The DSM-5 guidelines for the diagnosis of opioid use disorder require that the individual has a significant impairment or distress related to opioid uses. To make the diagnosis two or more of 11 criteria must be present in a given year:
1. More opioids are taken than intended
2. The individual is unable to decrease the number of opioids used
3. Large amounts of time are spent trying to obtain opioids, use opioids, or recover from taking them
4. The individual has cravings for opioids
5. Difficulty fulfilling professional duties at work or school
6. Continued use of opioids leading to social and interpersonal consequences
7. Decreased social or recreational activities
8. Using opioids despite being in physically dangerous settings
9. Continued use despite opioids worsening physical or psychological health (i.e. depression, constipation)
10. Tolerance
11. Withdrawal

The severity can be classified as mild, moderate, or severe based on the number of criteria present. The tolerance and withdrawal criteria are not considered to be met for individuals taking opioids solely under appropriate medical supervision. Addiction and dependence are components of a substance use disorder; addiction is the more severe form.

== Prevention ==
Prevention approaches for opioid use disorder must consider clinical recommendations for prescribing/starting to take opioids, when they are clinically appropriate to use, and risks associated with opioid therapy. Improving opioid prescribing guidelines and practices can help reduce unnecessary exposure to opioids, which lowers the risk of developing OUD (opioid use disorder). Healthcare providers should strictly follow evidence-based guidelines to ensure safe and appropriate use.

Another way to prevent OUD is by educating the public about the risks of prescription opioids and illegal substances like fentanyl. Awareness campaigns, community outreach programs, and school-based education initiatives can help people make informed decisions about opioid use and recognize the signs of addiction early. Promoting the disposal of unused opioid doses also helps prevent OUD.

A strong association between adverse childhood experiences and opioid abuse later in life has been identified, suggesting that a high adverse childhood experiences score should be considered a risk factor for opioid abuse. Screening for adverse childhood experiences before prescribing or implementing interventions involving opioids can mitigate the potential for misuse.
=== Opioid overdose ===
Naloxone is used for the emergency treatment of an overdose. It can be given by many routes (e.g., intramuscular (IM), intravenous (IV), subcutaneous, intranasal, and inhalation) and acts quickly by displacing opioids from opioid receptors and preventing the activation of these receptors. Naloxone kits are recommended for laypersons who may witness an opioid overdose, for people with large prescriptions for opioids, those in substance use treatment programs, and those recently released from incarceration.

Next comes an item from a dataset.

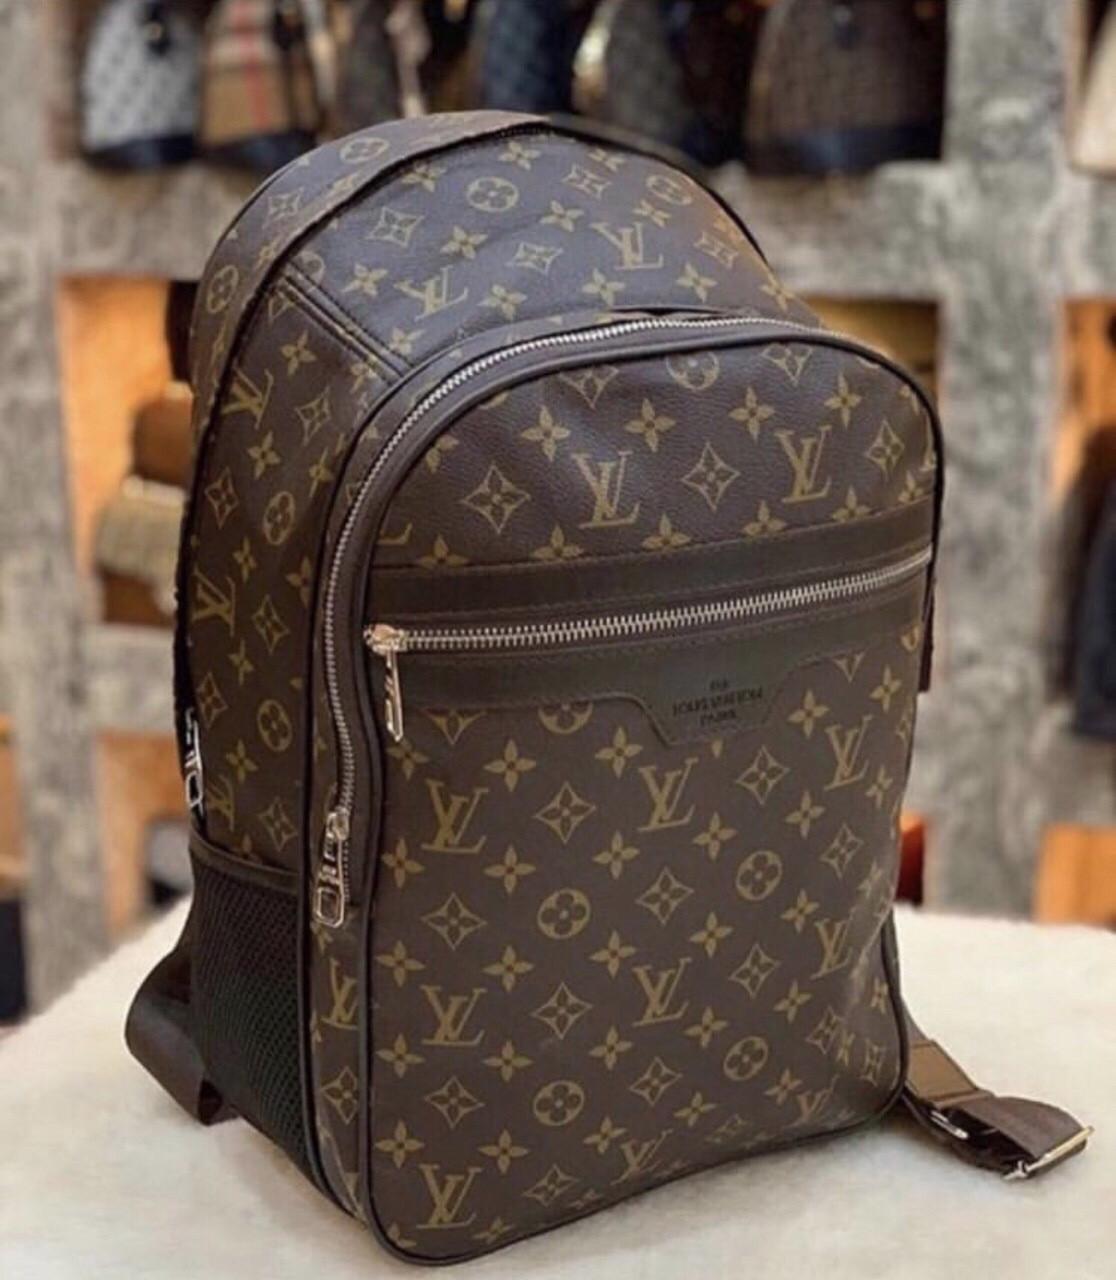 c601c8a0ed7c Рюкзак LV Louis Vuitton высокого качества (реплика Луи Витон) Vintage -  Планета здоровья интернет

Since naloxone is a life-saving medication, many areas of the U.S. have implemented standing orders for law enforcement to carry and give it as needed. In addition, naloxone can be used to challenge a person's opioid abstinence status before starting a medication such as naltrexone, which is used in the management of opioid addiction.

Good Samaritan laws typically protect bystanders who administer naloxone. In the U.S., at least 40 states have Good Samaritan laws to encourage bystanders to take action without fear of prosecution. As of 2019, 48 states give pharmacists the authority to distribute naloxone without an individual prescription.

Homicide, suicide, accidents and liver disease are also opioid-related causes of death for those with OUD. Many of these causes of death are unnoticed due to the often limited information on death certificates. Other risk factors for overdose mortality related to opioids at the individual level include clinical factors such as cardiovascular disease, comorbid mental disorders and psychological stress (e.g., depression), a history of substance use disorders, economic and community distress (e.g., low education, high unemployment), and characteristics such as male sex and middle age.

=== U.S. prevention strategies ===
The CDC Clinical Practice Guideline for Prescribing Opioids for Pain was developed to help guide healthcare professionals toward safe and evidence-based use of opioid therapy. Large U.S. retail pharmacy chains are implementing protocols, guidelines, and initiatives to take back unused opioids, providing naloxone kits, and being vigilant about suspicious prescriptions. Insurance programs can help limit opioid use by setting quantity limits on prescriptions or requiring prior authorizations for certain medications.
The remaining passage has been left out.